Сквозь бьющий в лицо белый свет фонаря Зворыгин вгляделся в фигуры: трое дюжих солдат с автоматами, Реш и сошедший в подвал, как в клоаку, средоточие дизентерии, молодой офицер, не пилот, в серой форме с тремя кубарями в квадратной петлице.
– Что, понрафилась банья? – начал Реш, неприязненно и страдальчески морщась. – Я хочу понимать, кто убивать Ершова и за что. От этого зафисит, что я делать с фами дальше.
Ответом ему была крупная дрожь, скорее вибрация даже, присущая больше силовым установкам машин, чем живым существам: слепившиеся в кучу летуны тряслись и клацали зубами, как один человек, их волосы были как будто седыми, а кожа местами покрылась белесыми блестками инея, словно мороженое мясо в леднике на бойне.
– Я не слышать ответа.
– А что вы делать с нами раньше, господин полковник? – процедил с беспредельным презрением Ощепков, передразнивая своего поседевшего сверстника; ноги, руки его перестали трястись, и страдания в голосе не было слышно. – И что теперь? Поставите нас к стенке? Так мы лишь спасибо вам скажем за это.
Это был идиотски-диковинный пат: все немецкие мысли застряли на «нельзя убивать», на «нельзя портить ценную птицу», можно только немного помучить, до известных пределов, за которыми русские станут ни на что не годны, а от малых мучений зубы их не расцепятся и признания не потекут.
Молодой стройный немец в мундире СС произнес что-то длинное на своем языке.
– Гауптштурмфюрер Шенфельд гофорить, что у них разгофаривать даше глухонемые. Он не будет брать всех. Он фозьмет только фас, фас, Ощепков. А если фы прояфите упорство, он фозьмет самых слабых, двух, трех челофек.

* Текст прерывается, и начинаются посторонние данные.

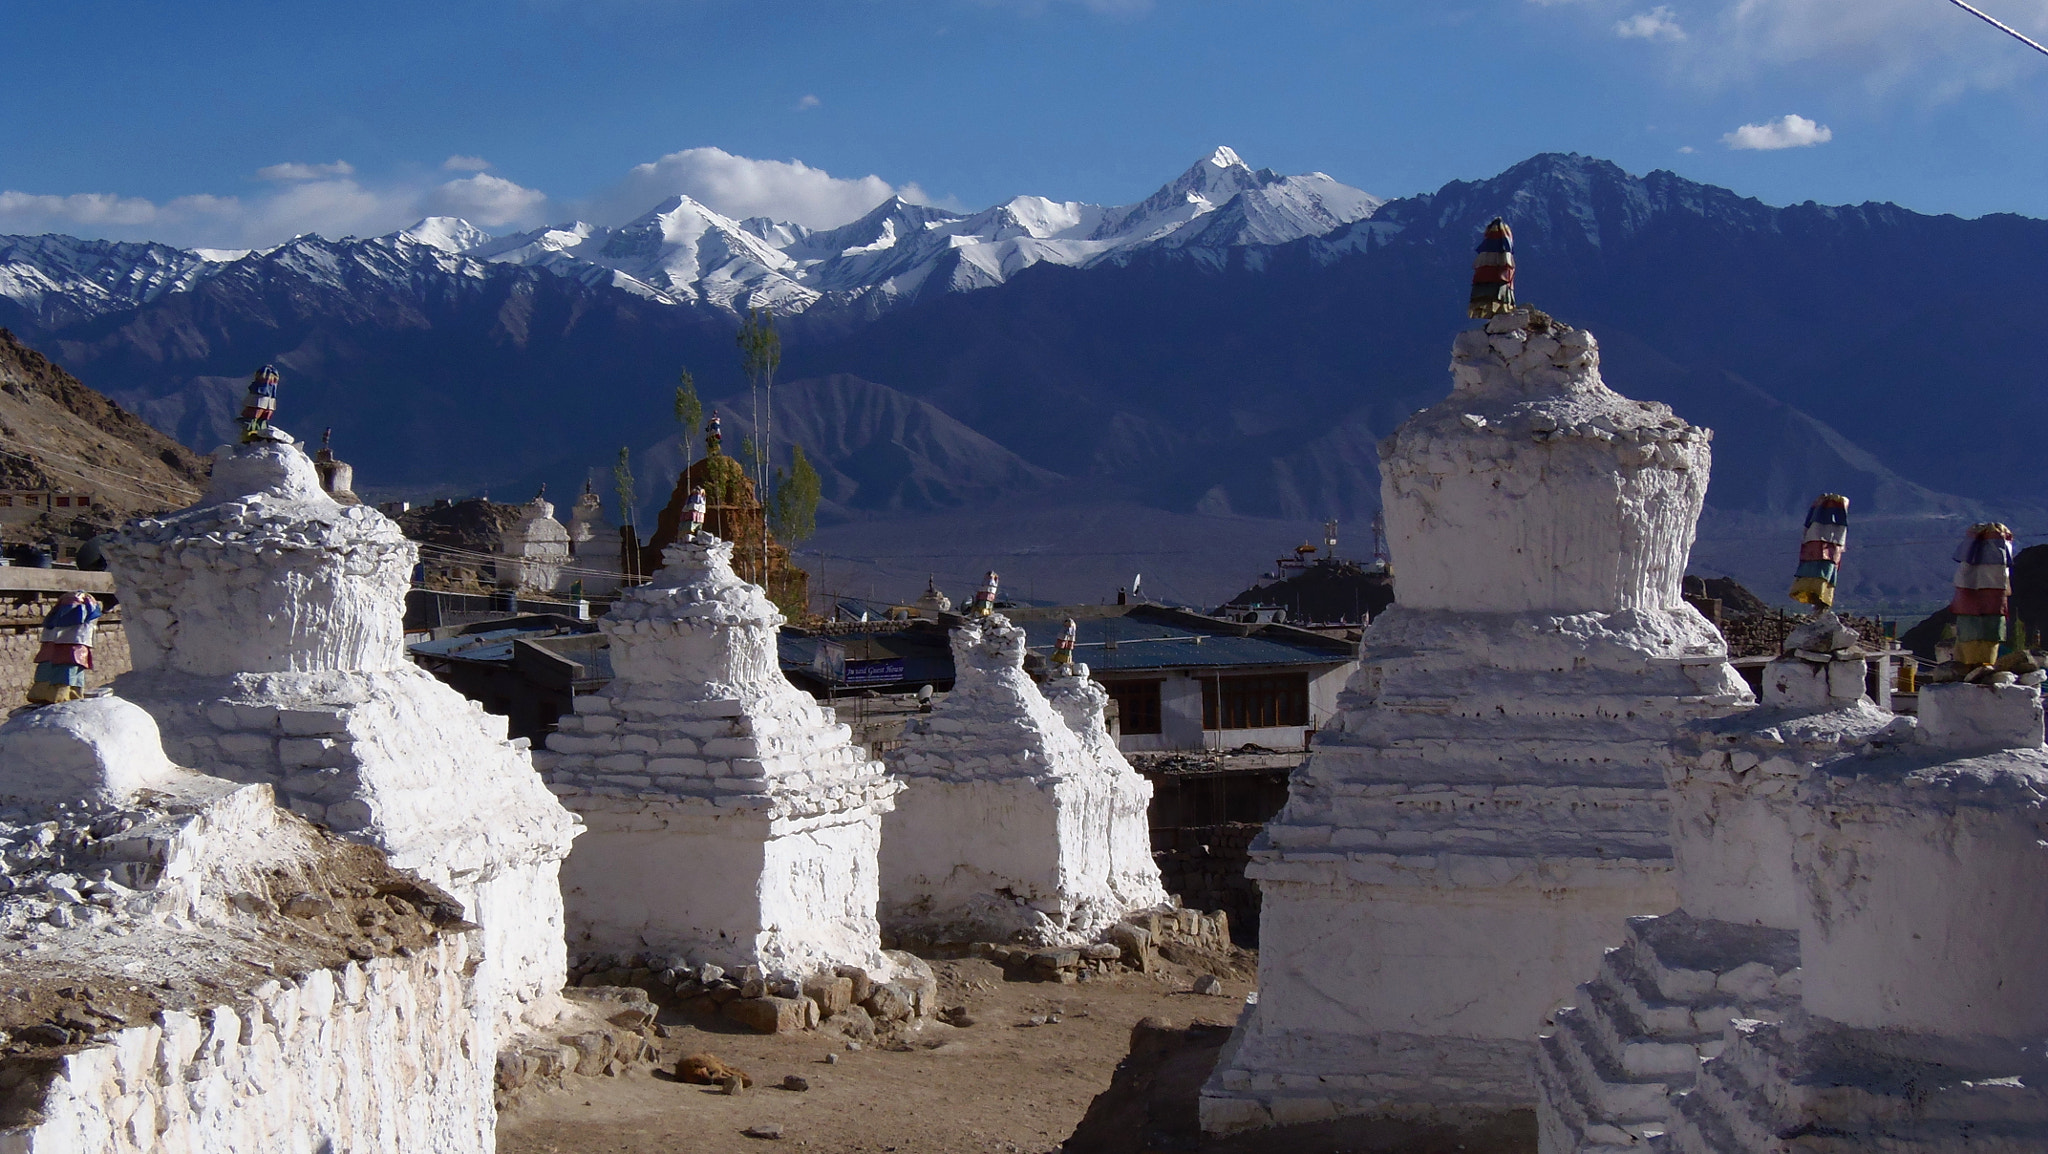 The spectacular Himalayas of Ladakh, India

– Да вы что это, а?! – рванулось из Зворыгина созревшее, зарычал, заскулил, трясся по-настоящему – будто от унижения и бешенства. – Ну сварил его кто-то из нас, кончил суку вот эту! И что?! За кого поливаете?! Что он вам, кто?! Летчик ваш, офицер?! Личный друг, что ли, вашего Гитлера, в рот ему дышло?! Сдох, сварился, и хрен с ним, в помойку! Сдох бы завтра, подшибли его бы твои ребятишки! Или что, не подбили бы, а?! Почему это так?! То-то вот и оно! Ты же знаешь, за что мы его, что же спрашиваешь?! Мы каждый день из кожи лезем вон, на кулак свои жилы мотаем, по-настоящему вы нас из пулеметов, а он чего же, сука, будет жить?! Да на хера он нужен был тебе вообще?! Один из нас хоть рыпнулся когда?! Да я вот за эти пятнадцать минут три раза свое настроение меняю: бить мне твоего сосунка или нет – неужто ты этого не понимаешь? И ты ничего с этим сделать не можешь. Ну, высшая раса, даете! Вы ж вроде бы умные люди! Я, я его, я! Смотреть я не мог, понимаешь?! Как он жрет ваш хлеб каждый день, как сигареты ваши курит ни за что! И вот что, господин полковник: за то дерьмо, которым вы нас кормите, я больше жертву тут изображать не собираюсь. Летать отказываюсь, понял?! Ты мне давай хлеб, настоящий, а не эти жмыхи, я тебе не корова, ты мне давай фляйш, водку, шнапс, обувку людскую, условия, баню. Желаю сдохнуть сытым, чистым и побритым. Ну, понял, за что мы его? Ты мне скажи, ты сам чего бы сделал с ним? Ведь вы тут все рыцари, честь у вас, честь. Ну так и давай теперь с нами по чести.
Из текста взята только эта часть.